Neurofibromatosis type II (NF-2) is also known as “central neurofibromatosis” and is caused by a mutation of the “Merlin” gene (tumor suppressor) on chromosome 22q12. The merlin gene product regulates meningioma cell growth, and the mutation of said gene manifests as non-malignant tumors in the auditory-vestibular nerve (vestibulocochlear nerve or cranial nerve VIII) often leading to hearing loss and visual deficits. The reason I make the distinction is because of the differential symptom expression based on different genotypes in NF-1 but not NF-2 (discussed below).

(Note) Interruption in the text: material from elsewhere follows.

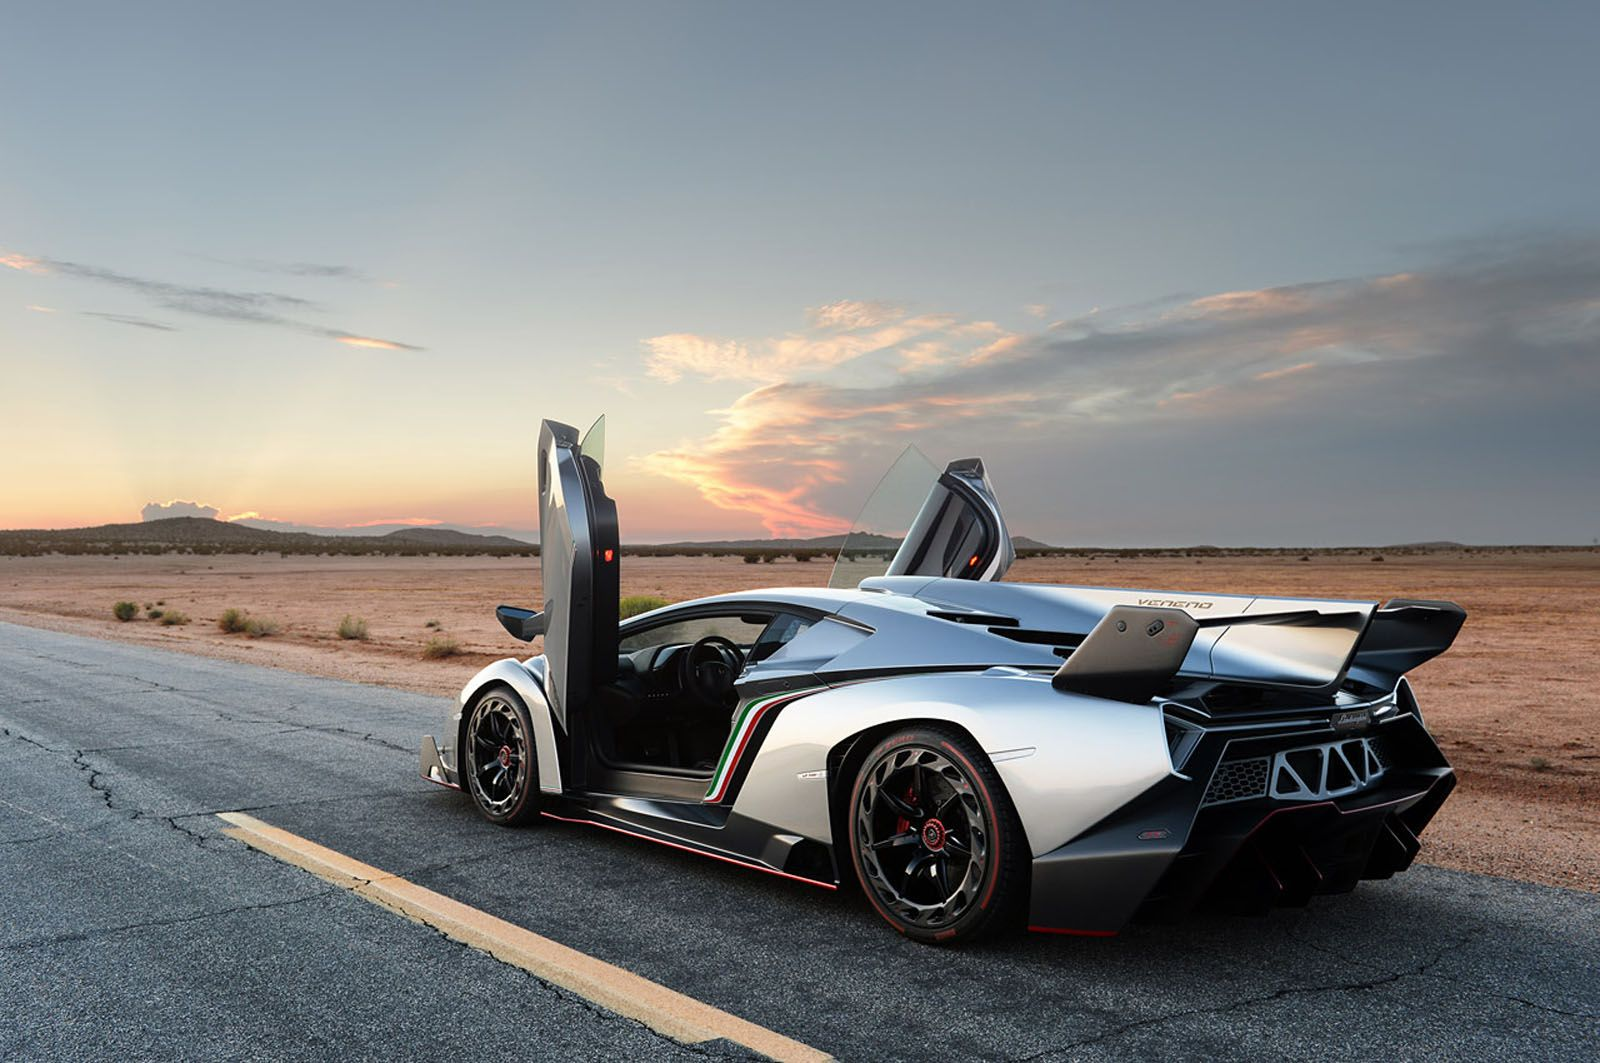 Lamborghini Veneno Doors Open (by SSsupersports)
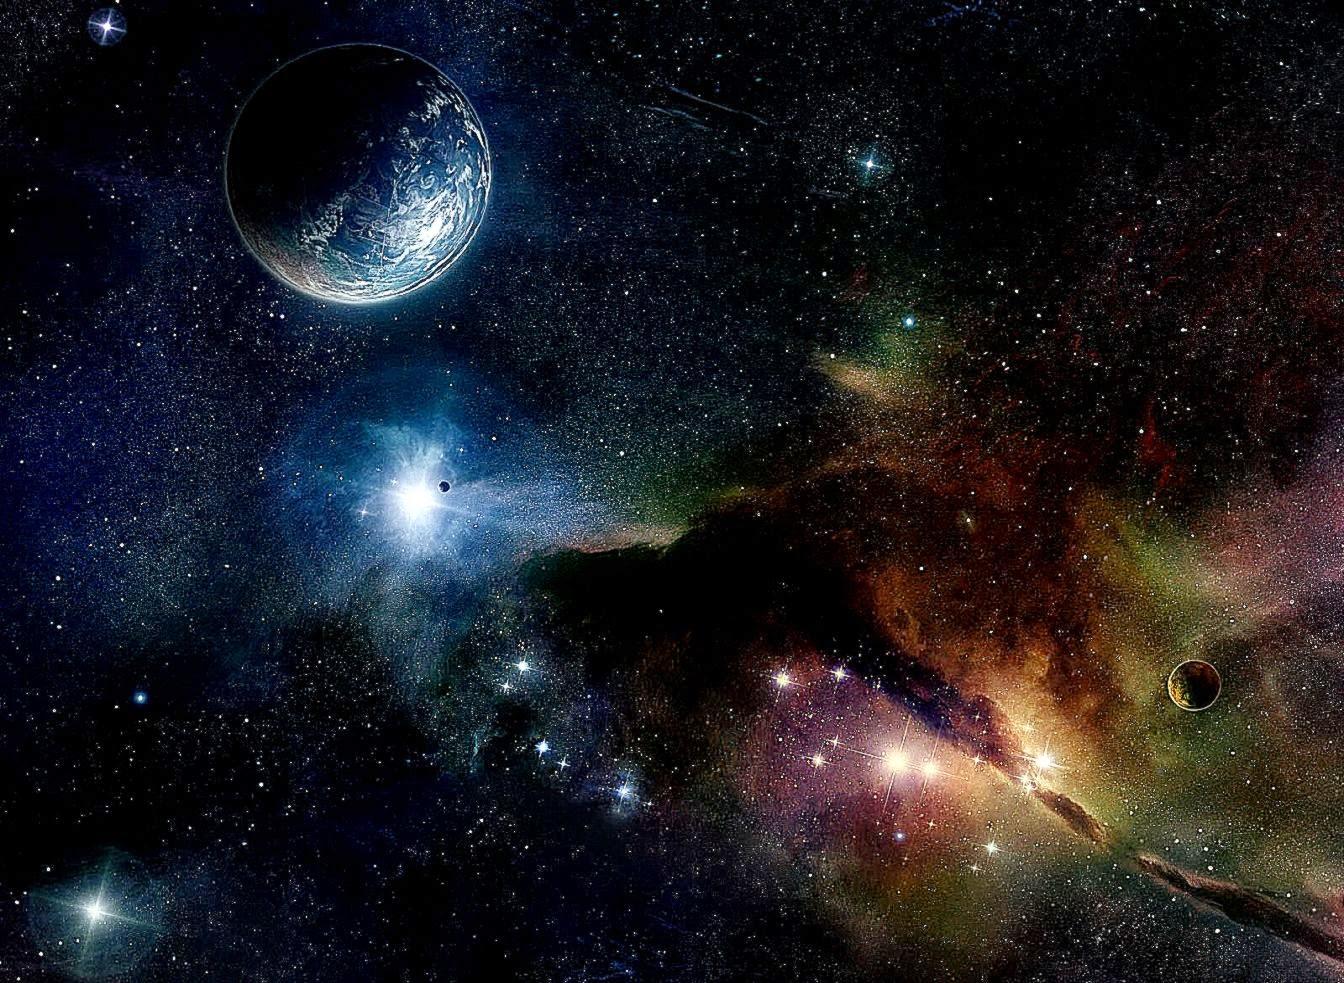 Cool Space Wallpaper 1719 1600x1200 px  HDWallSource

Both of these types of NF are autosomal dominant. Therefore, receiving a single copy of the mutated gene is needed to inherit the disorder.
Because these are autosomal dominant disorders, there is unfortunately a high chance of someone with NF-1 or NF-2 passing the mutation on to their offspring. If one parent has the disorder and the other parent does not, a child will have a 50 – 100% chance of inheriting the disorder. The probability depends on whether the NF parent’s genotype is homozygous (AA) or heterozygous (Aa) for the trait. (Here “A” is the dominant allele and “a” is recessive.)
Genotype refers to the genes which code for the trait, while phenotype refers to the expression of the trait.

In NF-1, there have not been any conclusive links between genotype and phenotype – which may explain the large variable expressivity in the severity and exact symptoms of NF-1. Variable expressivity refers to the occurrence of different individuals sharing the same genotype, but with widely differing phenotypes. For example two people could have the same heterozygous genotype “Aa” for this trait, yet differing symptoms and severity.
In NF-2 however, there is a strong correlation between the genotype and phenotype, and the disorder manifests similarly within family members.

Studies in NF-2 patients have compared the specific type of mutation and the nature of manifestation and progression of the disease in other words to see if a certain mutation produce a specific mixture of symptoms.
The results show that specific mutation types resulted in different prognoses. For example, subjects with Frameshift mutations and Nonsense mutations had a poorer prognosis than subjects with Missense mutations. However, there were cases of identical genotypes resulting in very divergent symptomology, which suggests environmental factors may influence how NF manifests in different individuals.

Prenatal tests such as CVS and Amniocentesis can diagnose NF in vivo.

Good luck. There are numerous clinical trials (see and pioneering treatments (Mayo Clinic).